Xi Jinping plans to divide and rule the West
President Xi Jinping can expect a hero’s welcome in Rome tomorrow since he ticks all of the populist government’s criteria for a strongman leader. How do we know this? Well, here’s a clue: the Italian president of the European parliament has just been praising the modernising talents of Benito Mussolini. The road-building, the sports stadiums, the architecture, the drained swamps. Now almost 74 years after Il Duce’s ignominious death another champion of modern national socialism is in town, bearing gifts under the guise of China’s Belt and Road initiative, with the intent not of reviving Italy but of splintering Europe.
Let’s hope Xi’s version of the Mussolini dream does not end up with involvement in a world war. China’s global economy may stoke its geopolitical ambitions but, if we’re lucky and shrewd, may also impose constraints on its behaviour. Yet the warnings from the past are clear: Xi has set up detention camps to “re-educate” Uighur Muslims in the Xinjiang region. He calls them boarding schools but inmates report sleep deprivation, beatings and torture. The Chinese leader has presided over the setting up of a surveillance state, pumped cash into an army primed for battle, played fast and loose with international law and allowed the growth of a personality cult. Mussolini pronounced that fascism “should more appropriately be called corporatism because it is a merger of state and corporate power”. Xi thinks in similar categories.
The Italians, then, should curb their enthusiasm. Xi views not just Italy but the whole of southern Europe as the soft underbelly of the West. The Chinese have bought into the Greek port of Piraeus. Portugal has been looped into China’s economic plans with the development of the Atlantic container port of Sines. In Italy, ports like Trieste and Palermo are of interest. A memorandum of understanding sets out plans to build roads, bridges, air hubs and telecoms networks. The Beijing-led Asian Infrastructure Investment Bank would fork out the loans.
The head of the League, Matteo Salvini, the moving force behind the Italian government, may well be thinking: what’s not to like? Cash, jobs, and a snub to Brussels. But the fact is he has been drawn into a giant exercise in manipulation. The combined GDP of the United States and the European Union was about $36 trillion in 2017, almost triple that of China. The GDP of the EU alone comes to $17.3 trillion, still well ahead of China. Crucially though, China has a GDP six times that of Italy.
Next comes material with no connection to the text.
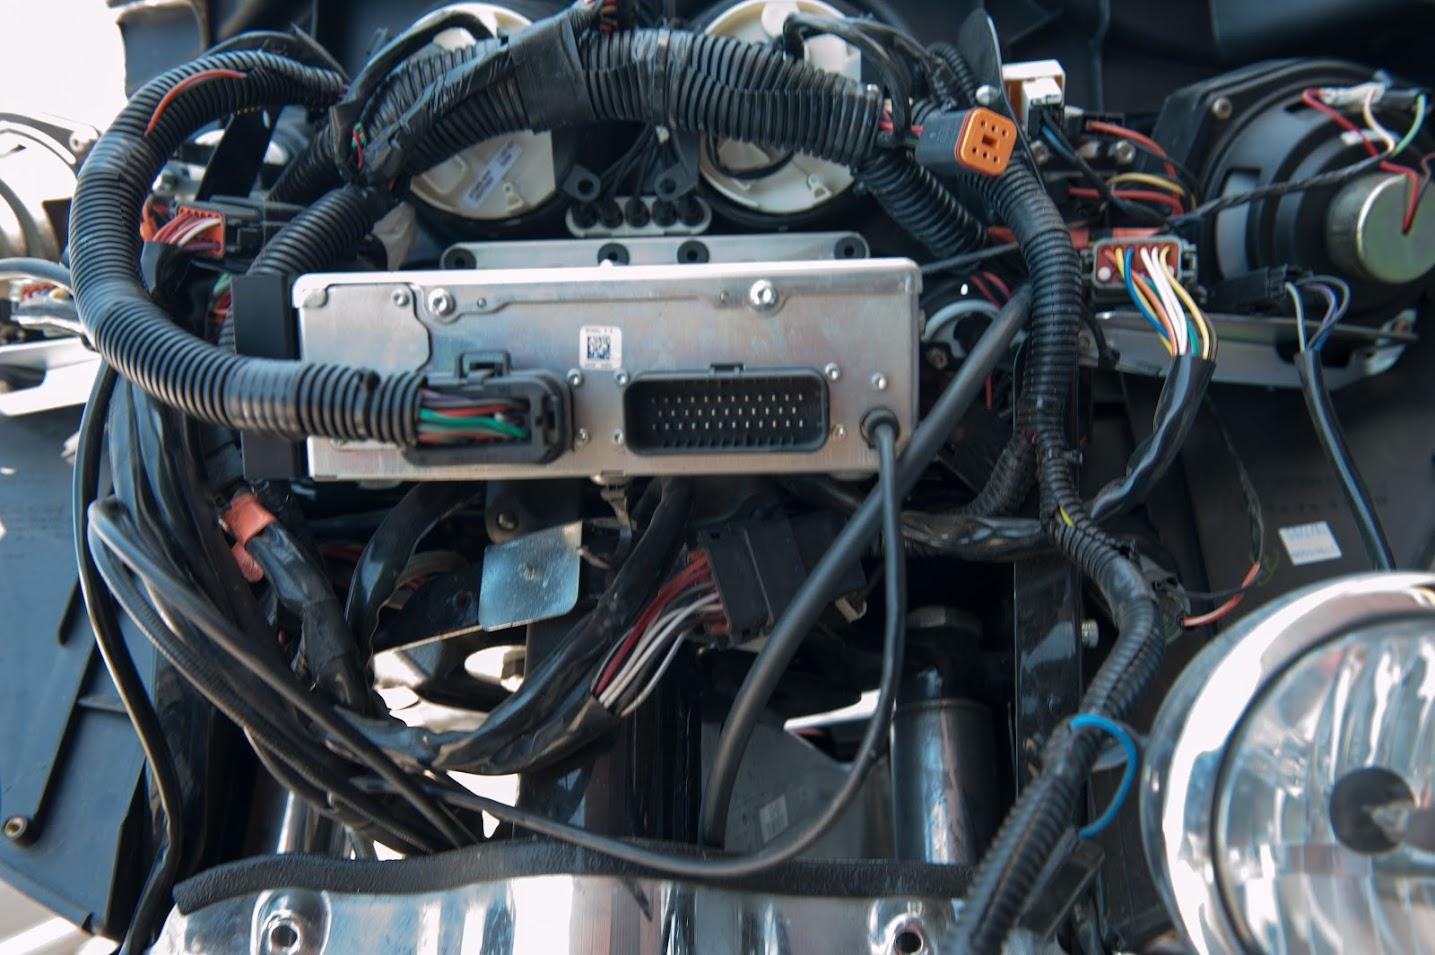 5ai6BkJfAMz9PbZoGvzJJ7kG0xyEmUUsU81qbrzWUSX1=w1435-h955-no Harley Inner Fairing Wiring Harness on

The Xi strategy is thus in the first place to sow as much division as possible between Washington and the EU, and then play on the dissension within Europe itself. It wins its battles one country at a time, picking off those hungry for bilateral investment. The Belt and Road initiative is not a new version of the Marshall Plan but a device that allows China to peel the onion of the West layer by layer. On Xi’s visit to France later this week, he will present himself as a natural partner of Emmanuel Macron in upholding multilateral diplomacy against the encroachments of the Trump administration. Actually, he wants to neutralise Macron in the internal EU debate about whether China is a systemic rival or a strategic partner.
The European Commission imagines that it can somehow bridge the differences in the EU, perhaps before a European-China summit scheduled next month. Europe, though, is split on issues like the use of Huawei kit in upgrading to 5G. The Trump team warns of the security threat that could be planted by the Chinese as Europe moves towards the next stage of the telecoms revolution but the American line is not holding, not even within traditionally Atlanticist intelligence communities.
Germany, absurdly, says it will seek a no-spying guarantee from China before adopting Chinese equipment. Britain, which has the longest experience in scrutinising Huawei, seems to believe it can “manage” the risk. Chinese whisperers briefing ahead of the Xi visit hint that the US president may settle the trade dispute with Beijing more quickly than expected, and the campaign against Huawei will thus become less charged. The result: EU states who have declared against Huawei could be left dangling in the wind.
So it is that Xi sees opportunities for mischief in the messy disorder of Europe. Every EU member state now has influential pro-Beijing placemen. Every pitstop on Xi’s short trip this week presents a chance to weaken western bonds. He will visit the Vatican for example and hold out the prospect of better conditions for Catholics in China; he will also urge the Vatican to end its diplomatic relations with Taiwan. If the Vatican agreed it would be a big win for Xi. That’s crude transactionalist policy, not the act of a statesman.
Italy and others who are being played in this elaborate game of divide-and-rule need to resist the flattering embrace of the strongman. Xi, like Vladimir Putin, appears strong only as long as he can make the case that the West has grown flaccid, unable to defend its traditional grip on the process of globalisation. The Chinese leader demands from his European admirers a leap of faith: that he can supply an answer to the failings of the liberal order. Despite the undoubted strengths of the Chinese economy, this is largely a sham.
If Xi were really a confident visionary, he wouldn’t be so actively trying to sabotage the West. He would devote his energy to solving China’s huge social problems. As the Italians found out long ago, just making the trains run on time doesn’t equate to good governance.